Hello,
I write this blog post from a wonderful chalet in the south of France, close to the Mont Blanc. The landscape is beautiful, the days hot and sunny, all is really good.
I committed yesterday a few changes :
- The first and biggest is the implementation of clGetProgramInfo. This function allows the client application to retrieve a binary form of a program. Clover returns LLVM bitcode. This new functions also allows me to test the implementation of clCreateProgramWithBinary. It took a few hours to implement that because I had to install LLVM, and it's tricky on openSUSE (you need to install llvm, llvm-devel, llvm-clang and llvm-clang-devel from devel:tools, and only this repository works. If you install another version, you get a broken llvm-config, or not all the needed libs).

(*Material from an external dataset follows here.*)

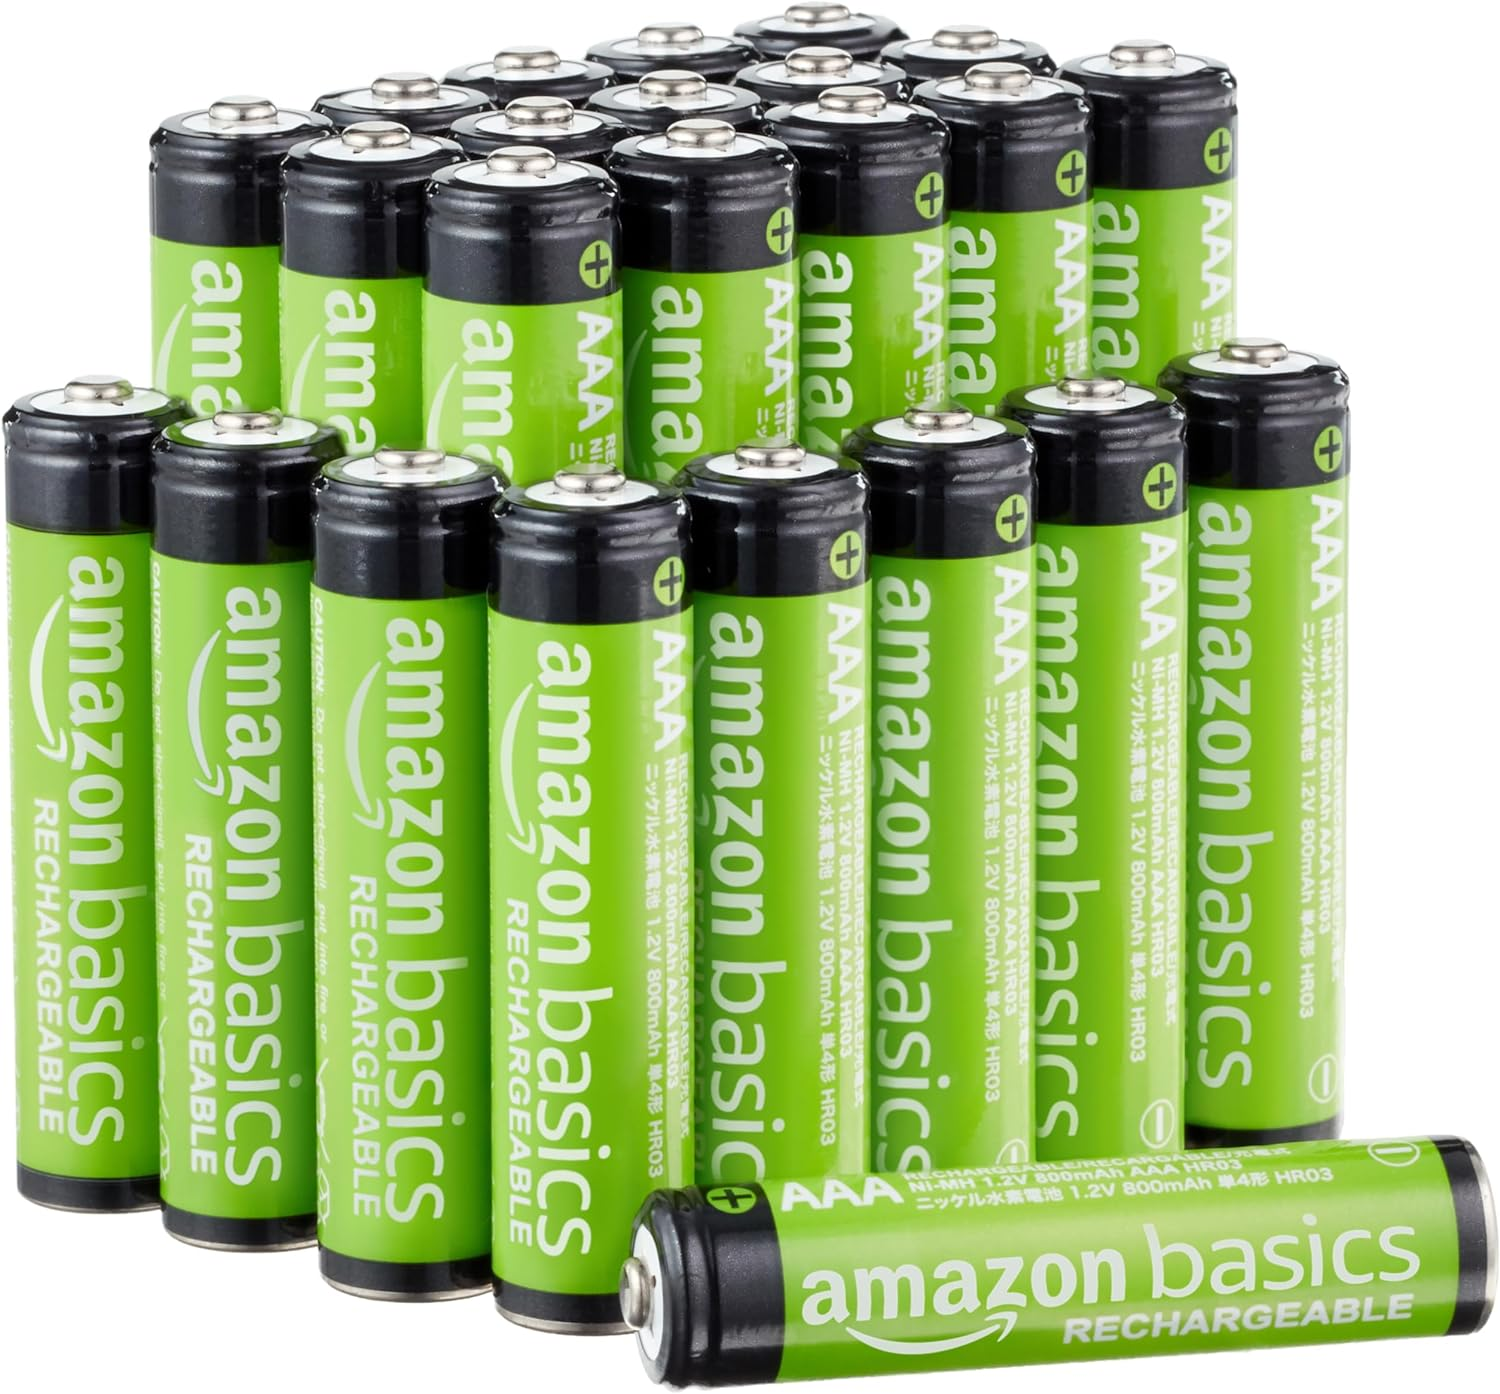 Amazon.com: Amazon Basics 24-Pack Rechargeable AAA NiMH Performance Batteries, 800 mAh, Recharge up to 1000x Times, Pre-Charged : Health & Household $15.33

- Another one is just a cleanup : it removes all the trailing spaces Kate keeps in the files (spaces at the end of lines and lines made only of spaces). My Kate being broken, I now use Geany which I recommend to everyone (who can't use Kate). Geany removes trailing spaces, and I decided to do that for every file in Clover.
- Doing this put me in “cleanup mode”, so I decided to write my C++ code in ... C++. I replaced all the C functions like memcpy by the C++ equivalents, that's to say std::memcpy and friends. I also removed all the printf I put here and there to debug tricky problems, so the code is clean and silent.
During my holidays, I can work about 4 to 5 hours a day, I'm very happy, Clover will advance ! I have planned for today the implementation of clGetProgramBuildInfo and the OpenCL C compiler's options. I could also begin some sort of standard library, but I have yet to decide if I will implement it in LLVM bitcode (compiled from a C file by Clang), good for interprocedural optimizations and very fast LLVM IR, or if I only code C headers and let the function calls unresolved in the LLVM IR. The last solution is the slowest (no inlining, no optimization), but the easiest to implement for hardware accelerated devices (just find all the unresolved calls and replace them with an intrinsic of the device). For a CPU device, the LLVM JIT has a wonderful function : InstallLazyFunctionCreator. This function lets me register a callback that is given a function name (like get_global_id) and returns a function pointer. I will use that to implement functions like get_global_id, barrier and fences.
I think I will do the two : code the headers, and let the device choose if it wants the binary be linked to a standard library IR, or not.
I'm very happy and very motivated : the interesting part of my project begins and it will be even more interesting than I expected. OpenCL is a good spec, but with small challenges that make work event more enjoyable.